▶ **DATA EXTRACT**

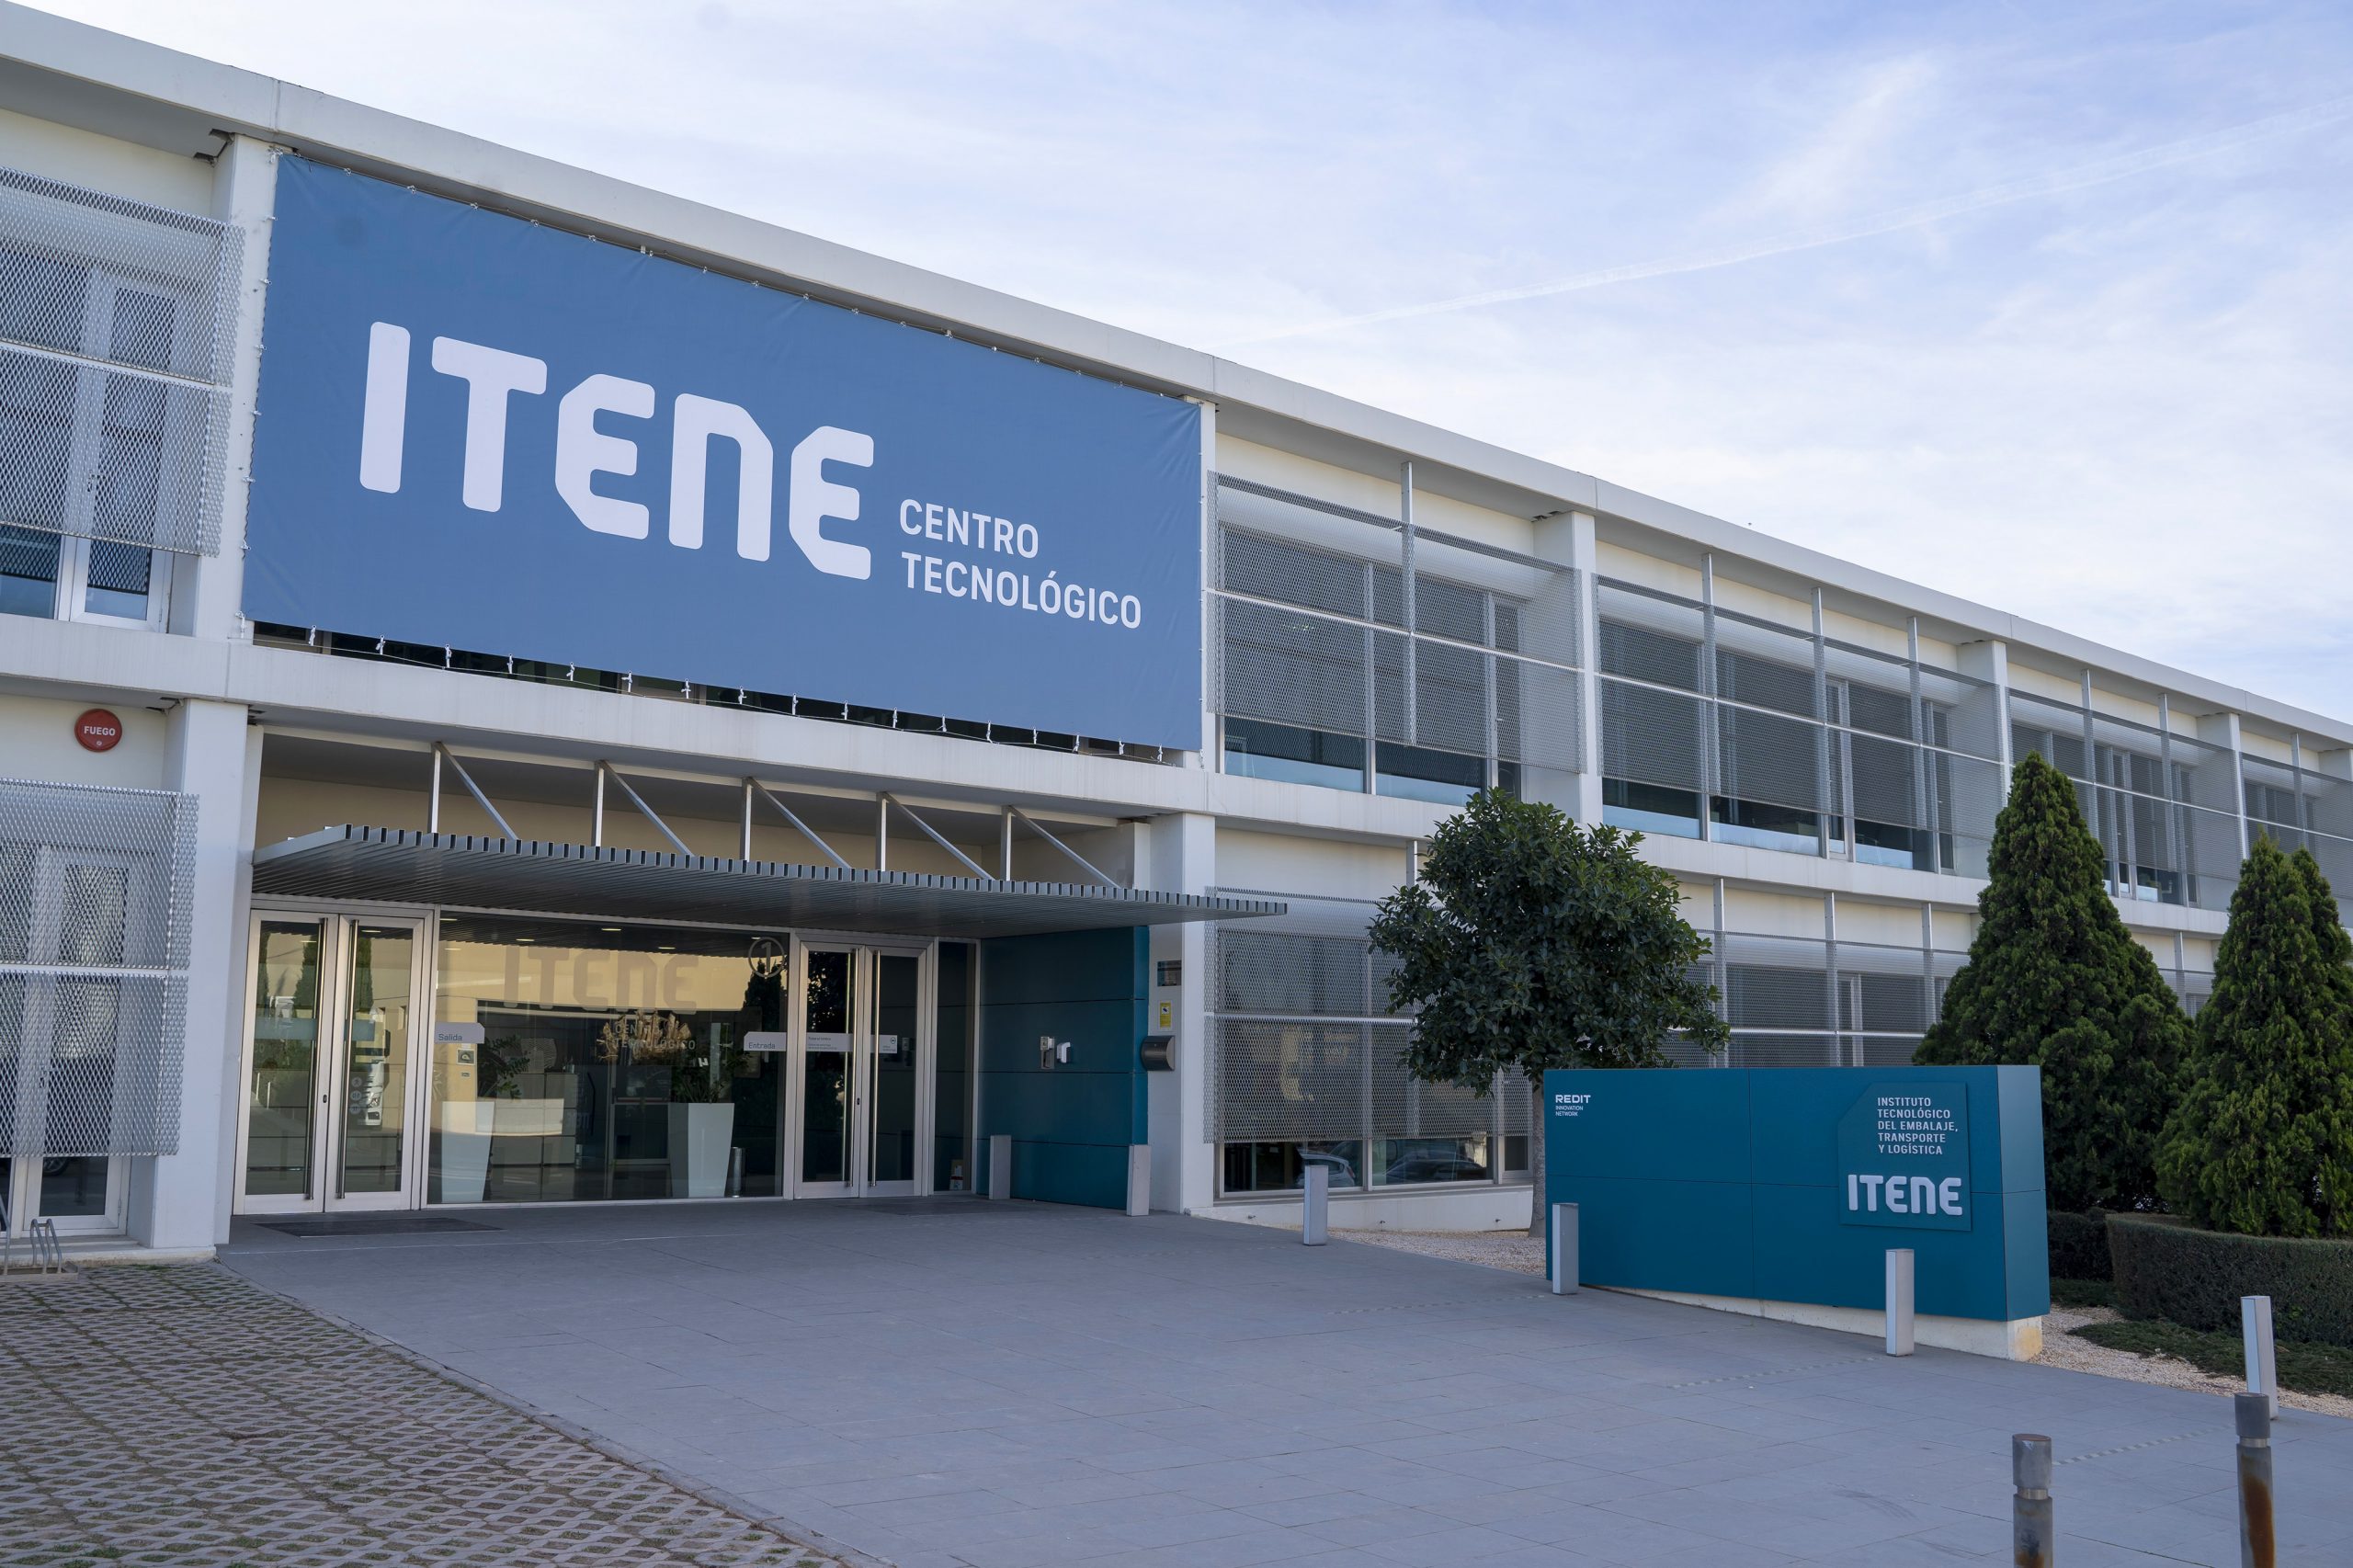 ITENE Research centre
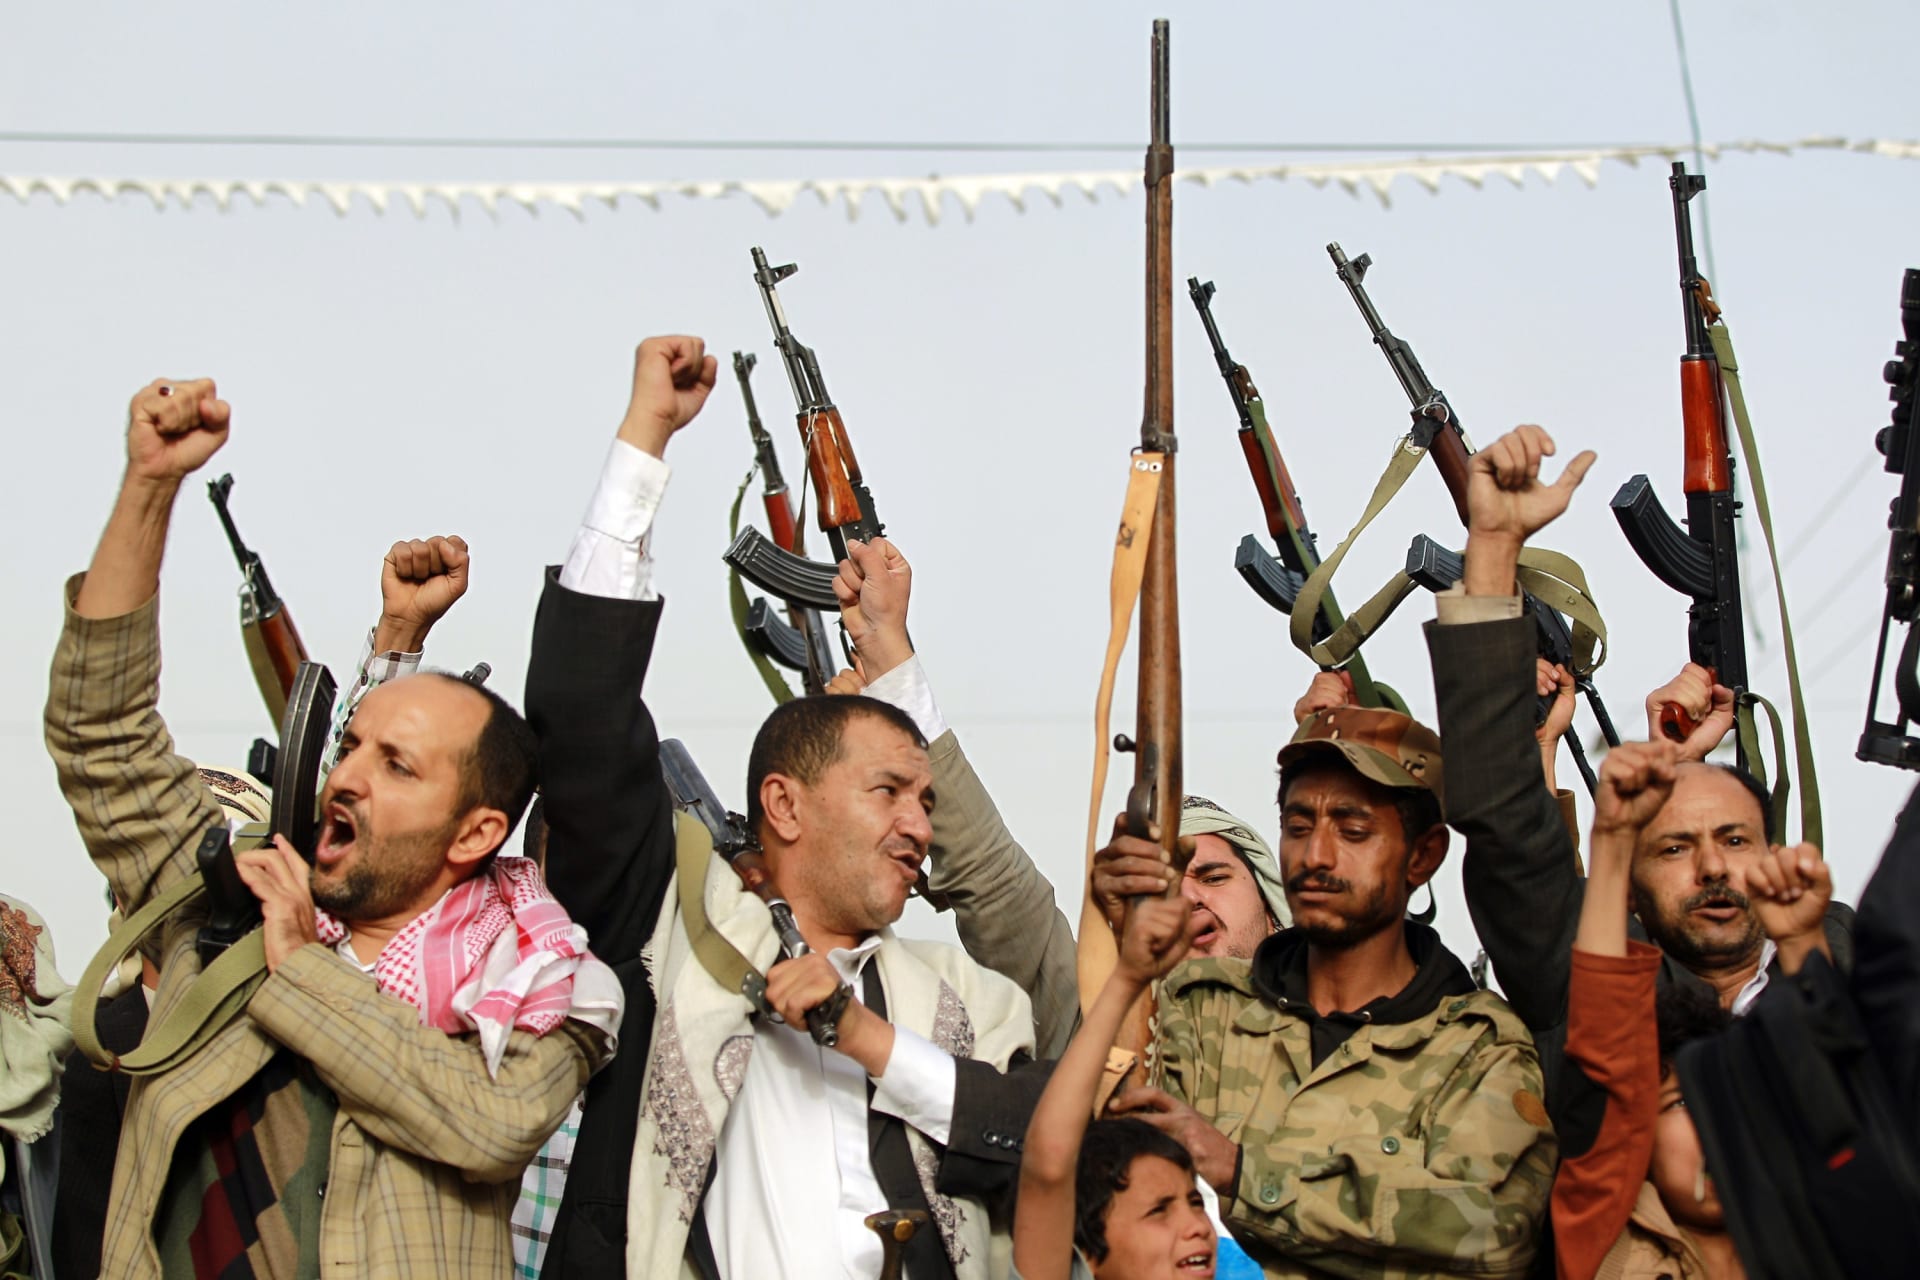 وكالة إيرانية تتهم الإخوان في اليمن بالتنسيق لعملية عسكرية واسعة مع السعودية.. وتدعو الرياض لـ"الاتعاظ من أمريكا"
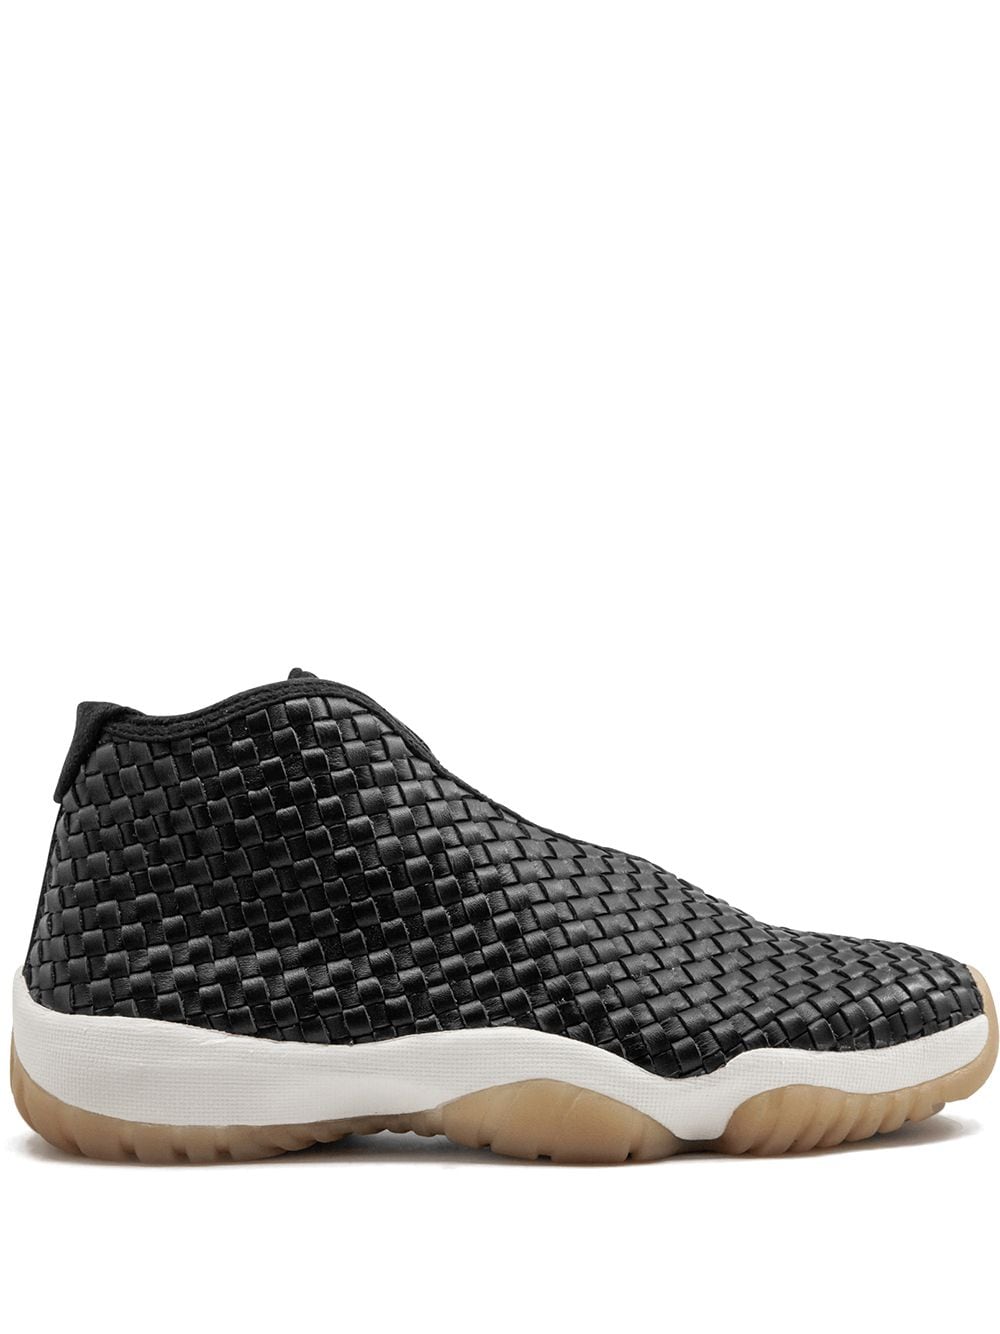 Jordan Future Premium sneakers - Black
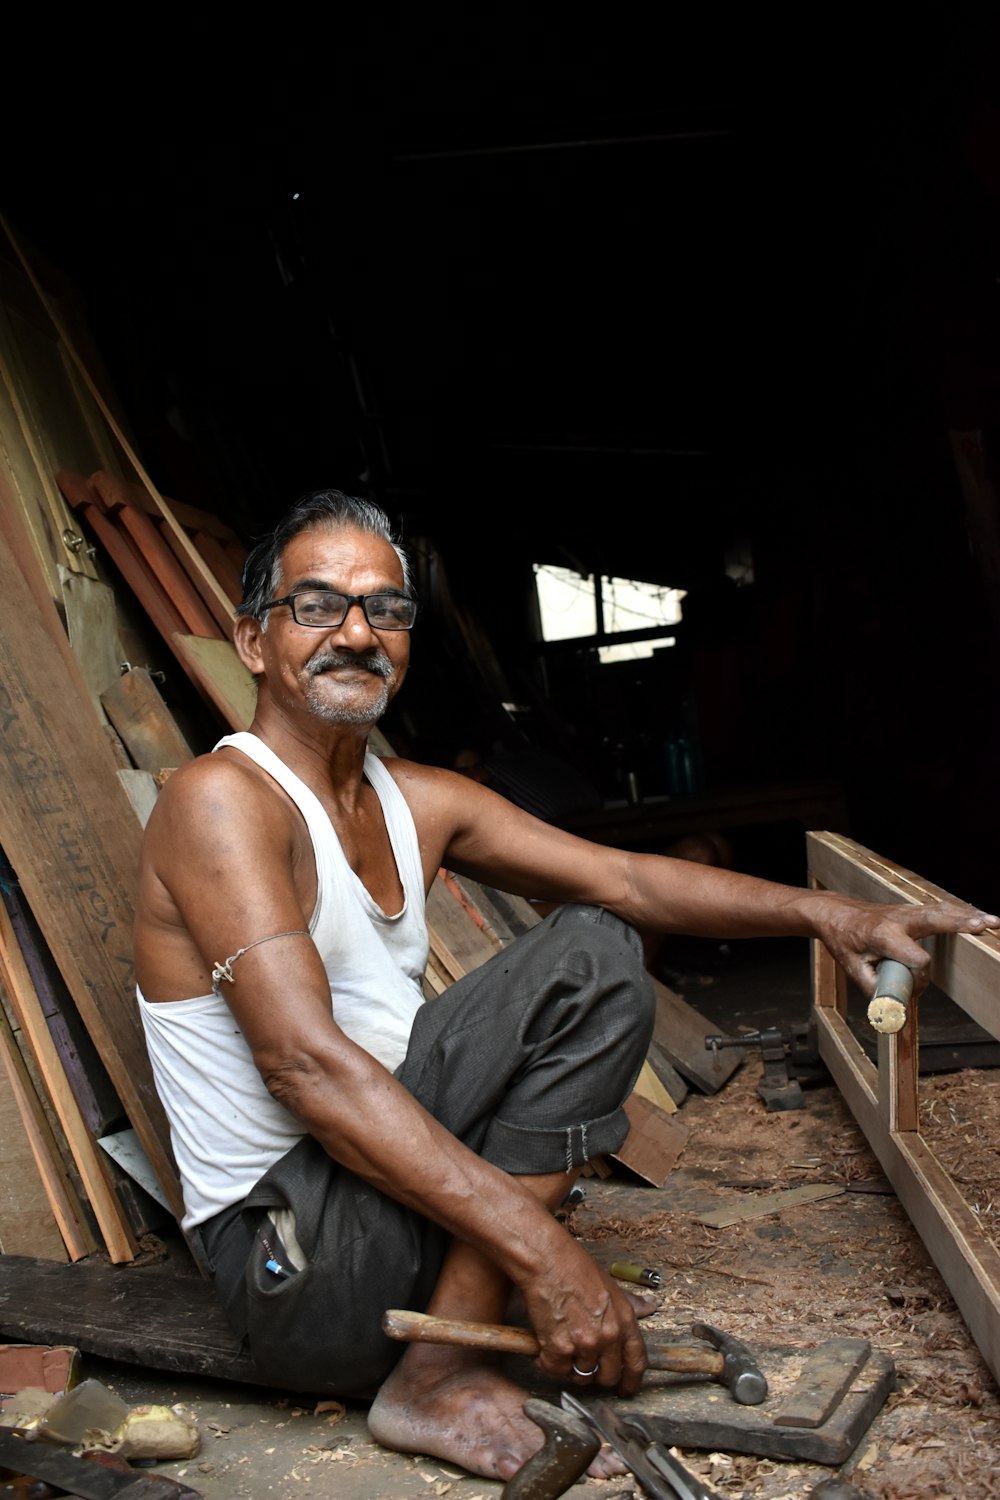 Ein Mann sitzt auf dem Boden und arbeitet an einem Stück Holz

▶ **PROBLEM TO WORK ON**
Would you set down each line of the listing above exactly, apart from the pictures?

▶ **ANSWER BOX**
 ITENE Research centre
 وكالة إيرانية تتهم الإخوان في اليمن بالتنسيق لعملية عسكرية واسعة مع السعودية.. وتدعو الرياض لـ"الاتعاظ من أمريكا"
 Jordan Future Premium sneakers - Black
 Ein Mann sitzt auf dem Boden und arbeitet an einem Stück Holz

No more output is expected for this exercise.